These processors have multiple execution units combined with an ability to launch multiple instructions in the same cycle. With suitable width buses to instruction and data caches these processors can achieve average CPI values of less than one.



### Structural Hazards



• Multiple general purpose pipelines compete for scarce resources.

Should we allow out-of-order completion?

### Structural Hazards



- Multiple specialised pipelines with attached resources.
  - only certain types of instruction may be launched together

Should we allow out-of-order issue?

#### Data Hazards

• True Dependency

With more instructions in the system we have much more complicated dependencies including dependency on instructions in the same pipeline stage and possibly even dependency on instructions which have been overtaken.

- Many processors enforce strict ordering of dependent instructions.
  Dependencies are detected before issue, preventing premature issue of instructions that would cause a hazard.
- False Dependencies

These dependencies can be accommodated or removed using register renaming.

#### Control Hazards

#### • Branch Penalty

A single cycle branch delay may cause up to 2n-1 instructions to be fetched in error in a machine which launches n instructions per cycle.

#### • Speculative Execution

Branch prediction may lead to the speculative execution of instructions from the branch destination.
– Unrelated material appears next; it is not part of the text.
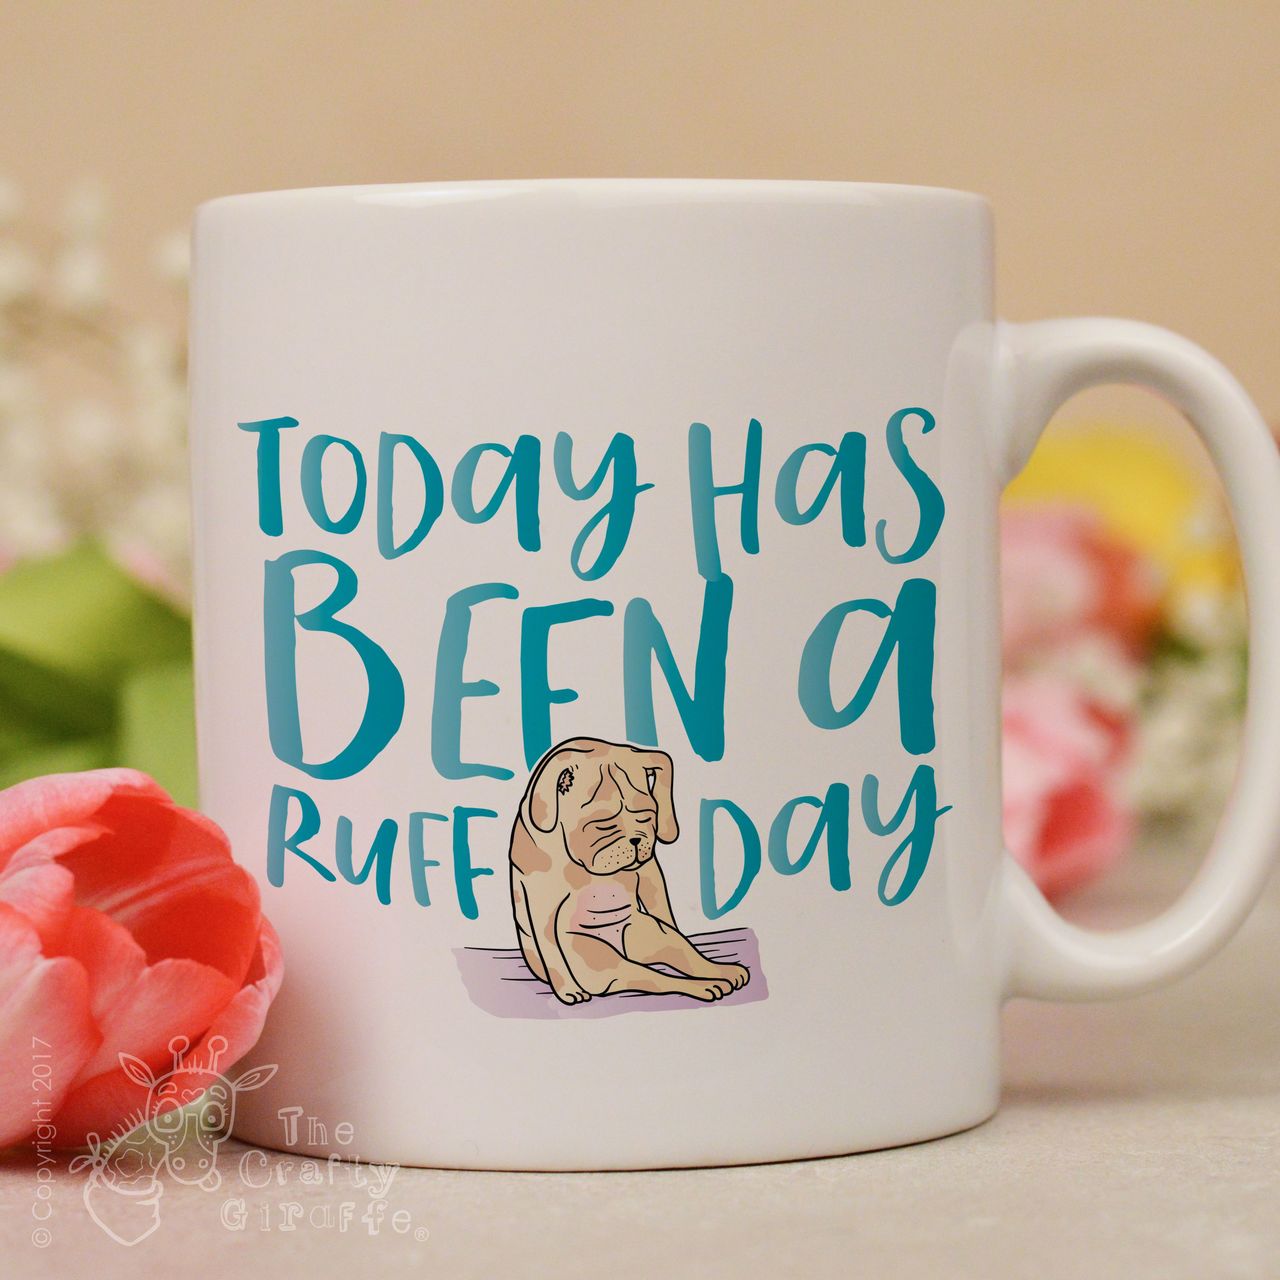 Today has been a ruff day mug

We must ensure that the correct instructions are killed on branch

#### • Dynamic branch prediction

Advanced systems predict the outcome of a branch instruction even before the instruction is fetched from the instruction cache, based on previous behaviour.

#### Interrupts

If we allow out of order completion of dependency-free instructions, what action should we take on interrupt?

Should we consider each instruction that might generate a trap as a control transfer instruction on which all subsequent instructions depend?
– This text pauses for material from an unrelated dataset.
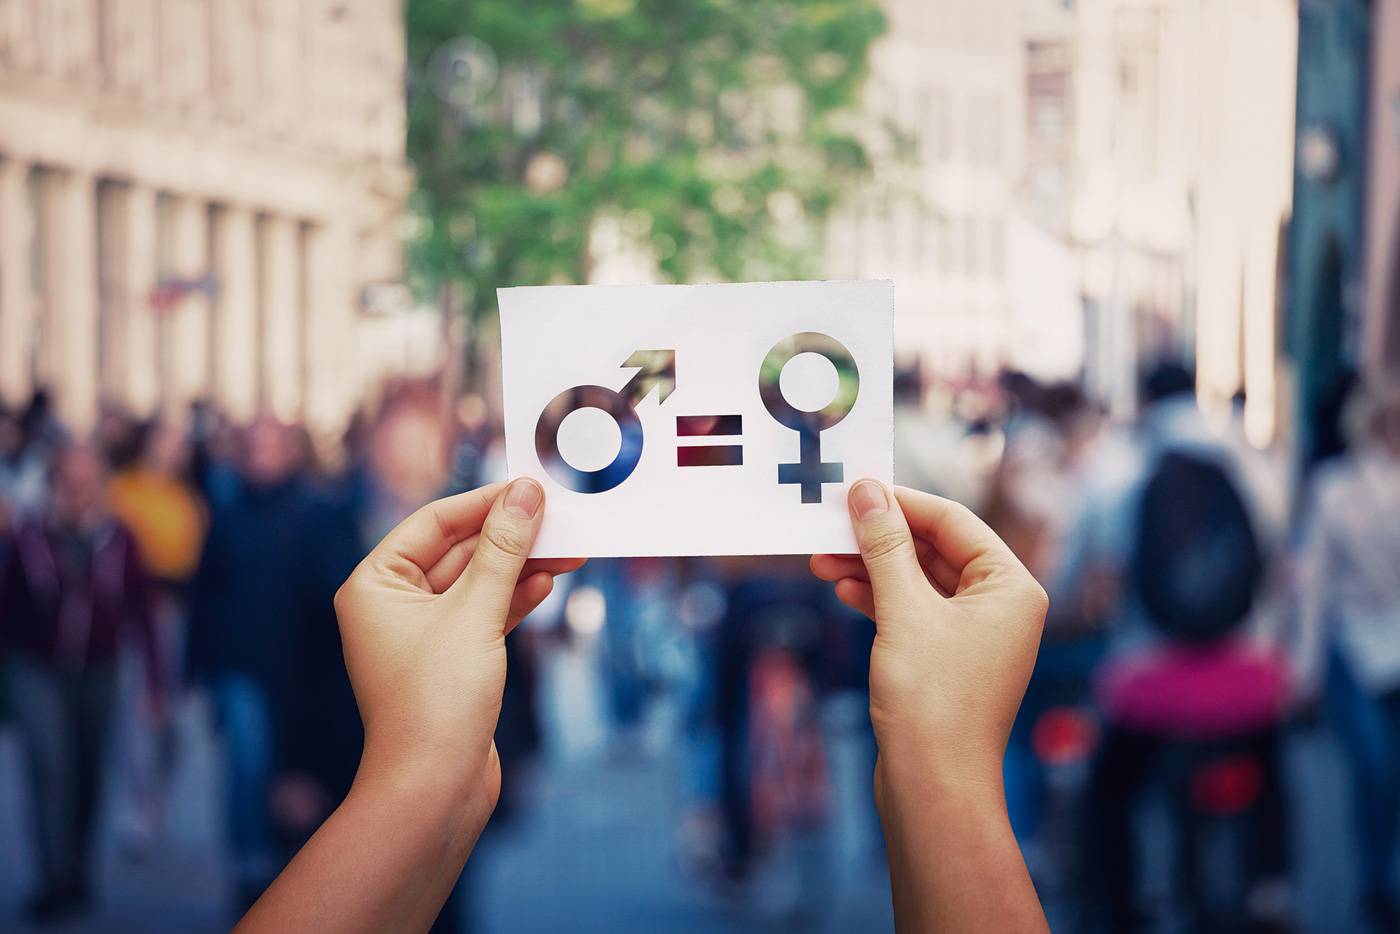 SHARE: Paving Road to True Gender – American-Hellenic Chamber Commerce

### **Optimizing Compilers**

Optimizing compilers are required to maximize the number of concurrent instructions.

#### • Instruction re-ordering

Instruction may be re-ordered such that instructions arrive in batches which are concurrently executable.

This manipulation is, of course, limited by the required program semantics.

#### Loop unrolling

CPI value is severely limited by short runs of instructions between successful branches.

Unrolling of loops increases the run length and may be used to convert a branch on X to a branch on not X where X is the likely outcome.

### SuperSPARC (Texas Instruments 1992)

- Launches up to 3 instructions per cycle.
  - average 0.75 CPI
- 50 MHz
- 64 bit floating point unit
- 20 kbyte (fully coherent) instruction cache
- 16 kbyte data cache
- 64 bit wide main memory access
- 3.1 million transistors



### SuperPipelined SuperScalar Pipeline Architectures

### lpha 21164 (Digital Semiconductor 1995)

- 64 bit datapath 32 bit instructions
- 600 MHz
- 4 pipes
  - 2 integer @ 7 stages
  - 2 float @ 9 stages
- ordered execution of sets of up to 4 independent instructions aligned on 16 byte boundary
- 9.6 million transistors

### lpha 21264 (Compaq 1998)

- Includes another 2 integer pipes (although issue rate remains at 4 instructions per cycle) and supports out of order instruction issue using 15.2 million transistors.
- 700MHz version is the current top performing  $\mu$ P 1/1/00

### SuperScalar CISC – Pentium II/III



- With variable length, variable complexity instructions, CISC machines don't pipeline well.
- CISC instructions are converted to one or several *micro-ops* (uops). Each *micro-op* is 118 bits fixed format.
- Micro-ops are executed within a superscalar RISC core.
  - The resulting pipeline is long and complicated (>14 stages) with most of the effort going into coping with the inherited instruction set.
  - There are also problems with too few registers and with the floating point stack model causing an excess of memory accesses.

### SuperScalar CISC – Pentium II/III



- Micro-ops may be issued out of order where operands are unavailable.
- Micro-op completion is ordered avoiding problems with pipeline flush due to branch mis-prediction and exception handling.